*Source information:*
★ ★ ★

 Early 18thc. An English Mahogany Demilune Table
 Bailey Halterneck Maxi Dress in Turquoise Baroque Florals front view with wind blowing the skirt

★ ★ ★

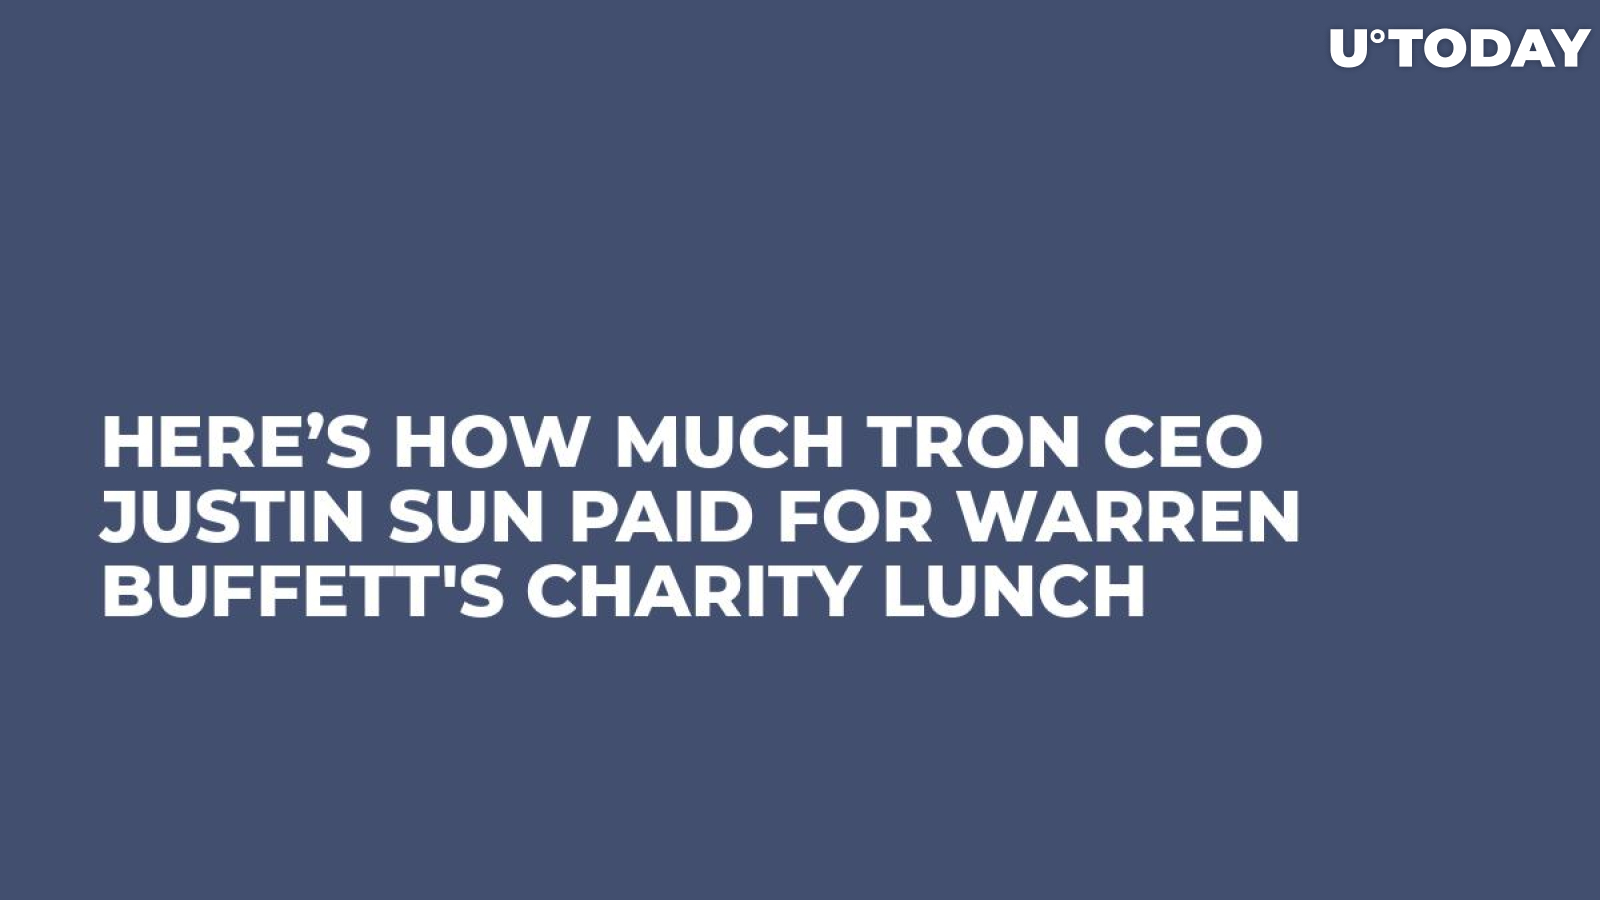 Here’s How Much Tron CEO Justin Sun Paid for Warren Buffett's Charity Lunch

★ ★ ★

*Work instruction:*
Starting at the line that contains "Early 18thc. An" and stopping after the line that contains "Bailey Halterneck Maxi", write out every line exactly as it appears above, and no other line.

*Answer to this problem:*
 Early 18thc. An English Mahogany Demilune Table
 Bailey Halterneck Maxi Dress in Turquoise Baroque Florals front view with wind blowing the skirt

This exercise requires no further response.